▶ _ACTIVITY_: Your copy of the data should leave out the images and match everything else exactly.

▶ _GIVEN DATA_:
----------

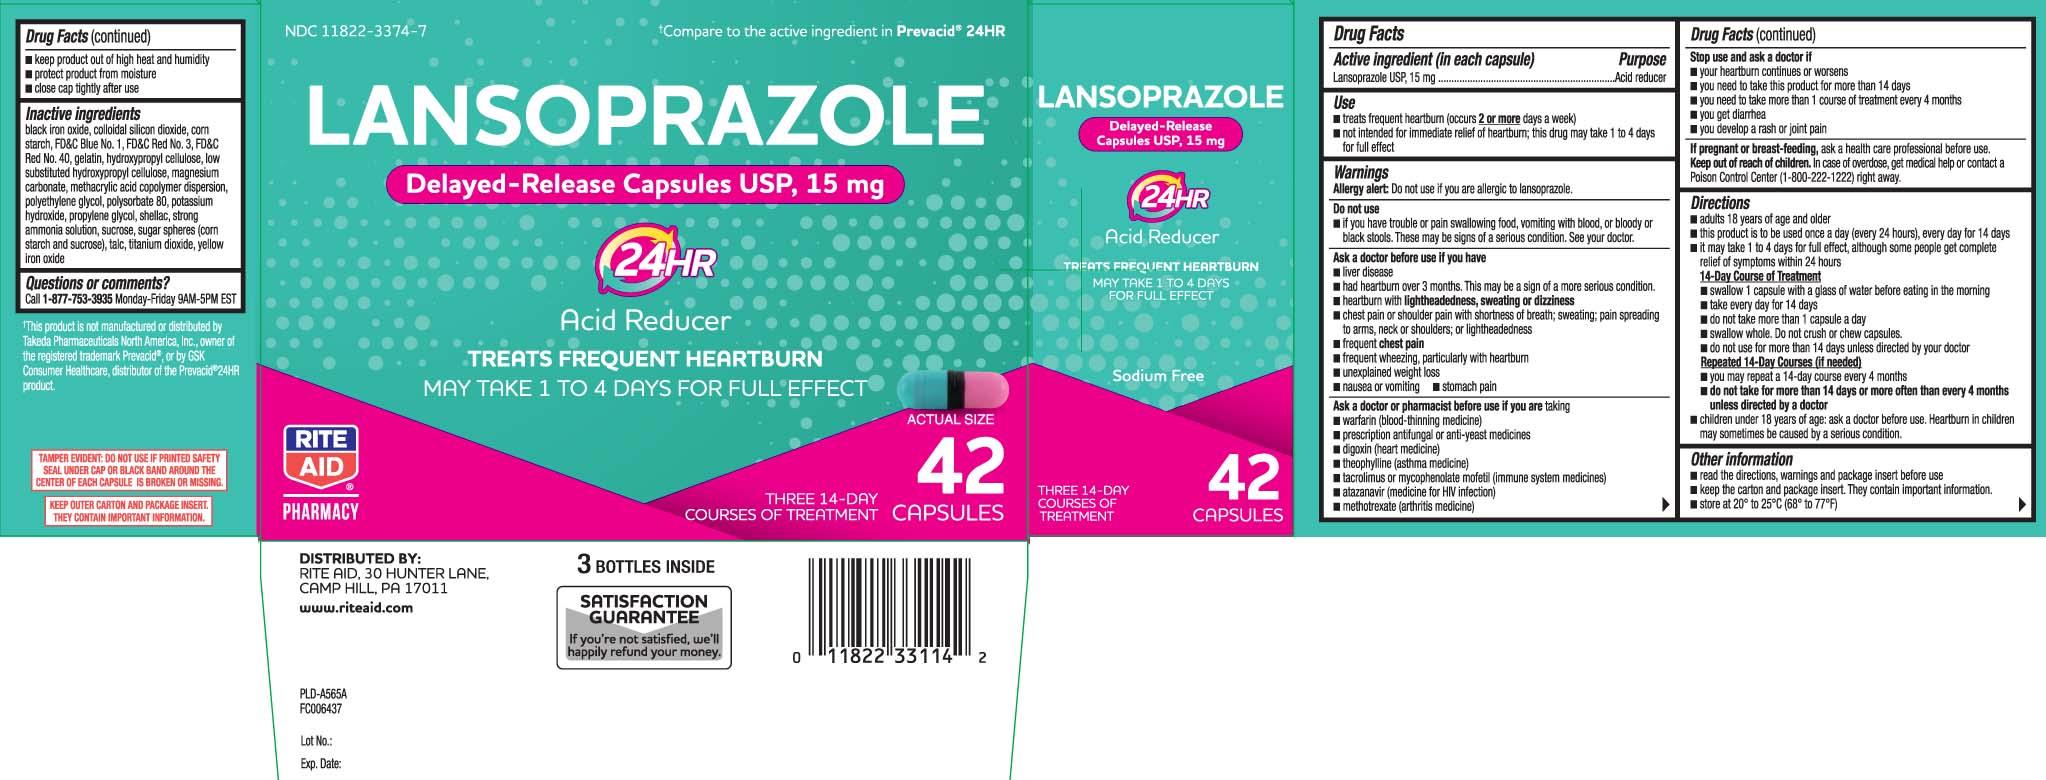 Lansoprazole USP, 15 mg
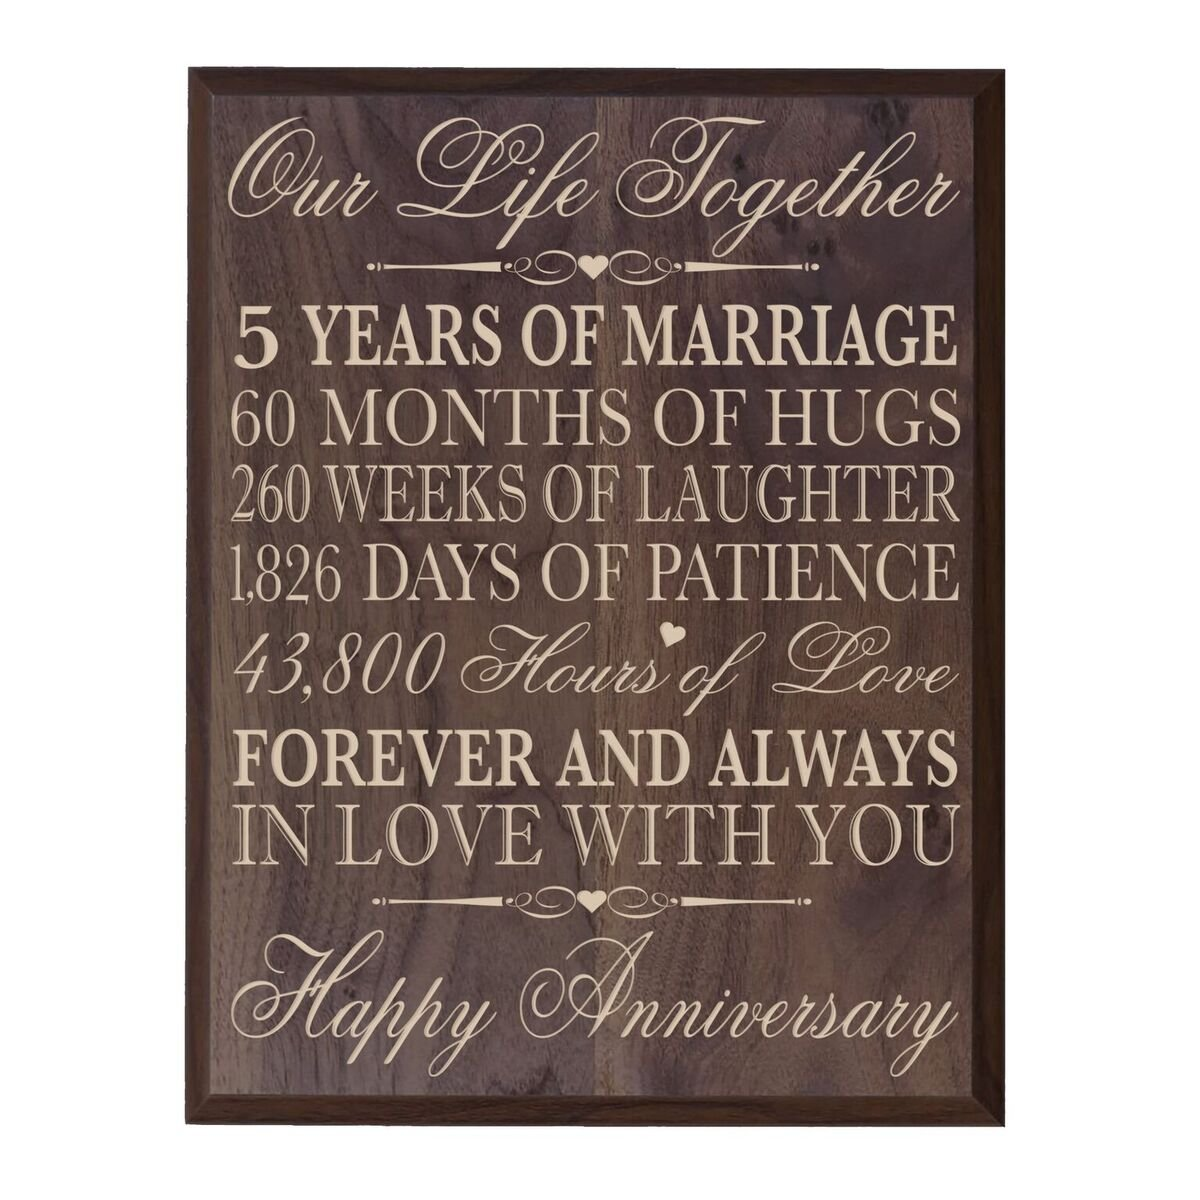 5th Wedding Anniversary Wall Plaque Gifts for Couple, 5th Anniversary Gifts for Her,5th Wedding Anniversary Gifts for Him 10.75'' W X 13'' H Wall Plaque By LifeSong Milestones (Grand Walnut)
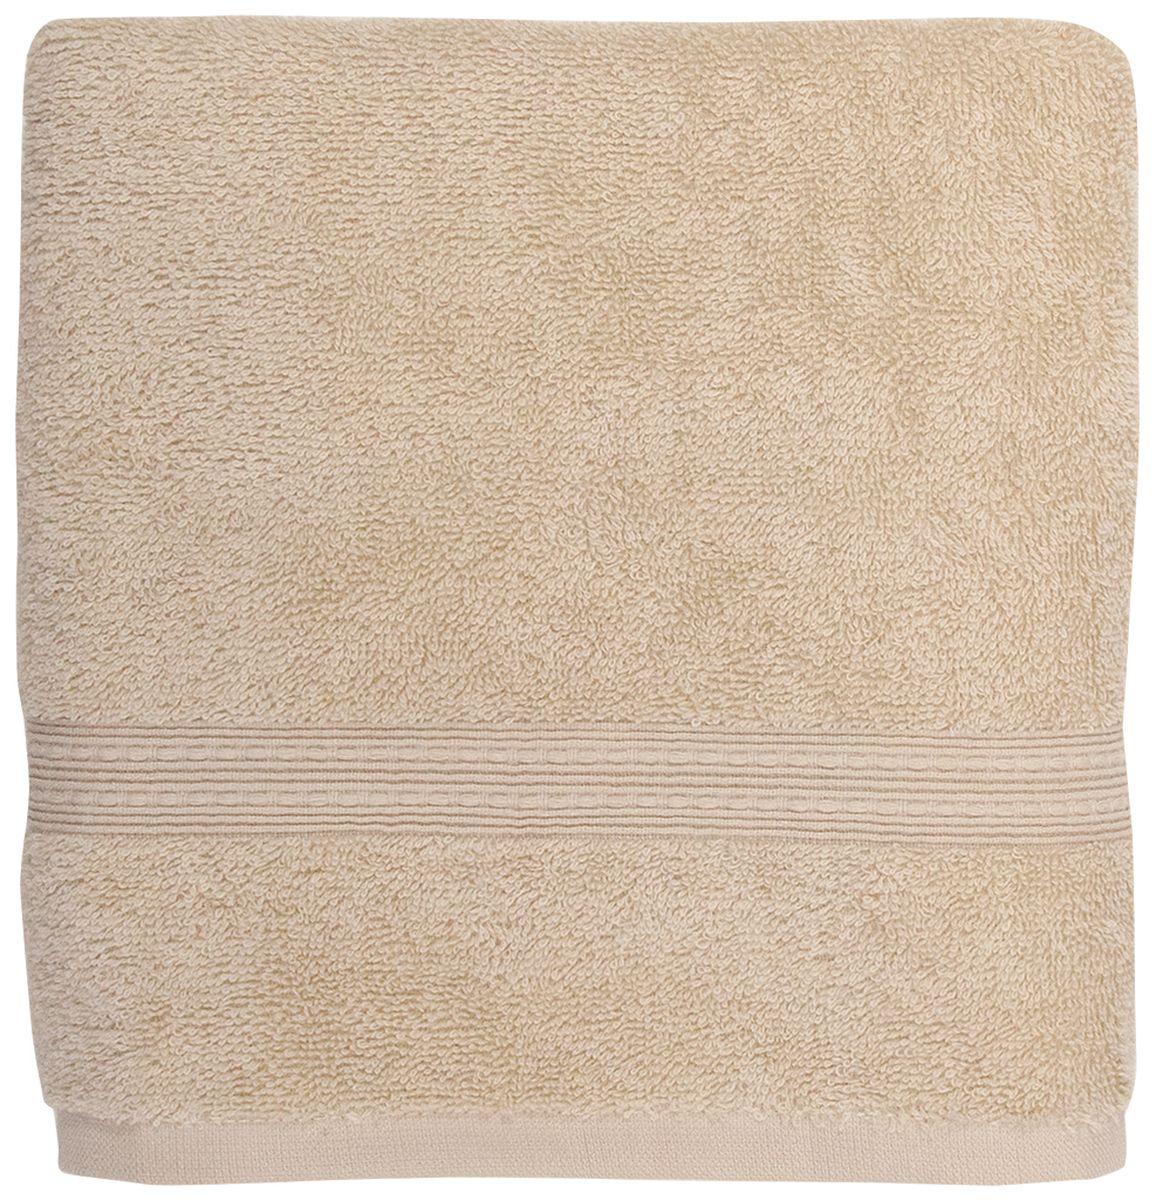 Полотенце банное Bonita Classic, махровое, цвет: бисквит, 50 x 90 см1011217216Полотенце банное 50*90 Bonita Classic, махровое

----------

▶ _RESPONSE BELOW_:
 Lansoprazole USP, 15 mg
 5th Wedding Anniversary Wall Plaque Gifts for Couple, 5th Anniversary Gifts for Her,5th Wedding Anniversary Gifts for Him 10.75'' W X 13'' H Wall Plaque By LifeSong Milestones (Grand Walnut)
 Полотенце банное Bonita Classic, махровое, цвет: бисквит, 50 x 90 см1011217216Полотенце банное 50*90 Bonita Classic, махровое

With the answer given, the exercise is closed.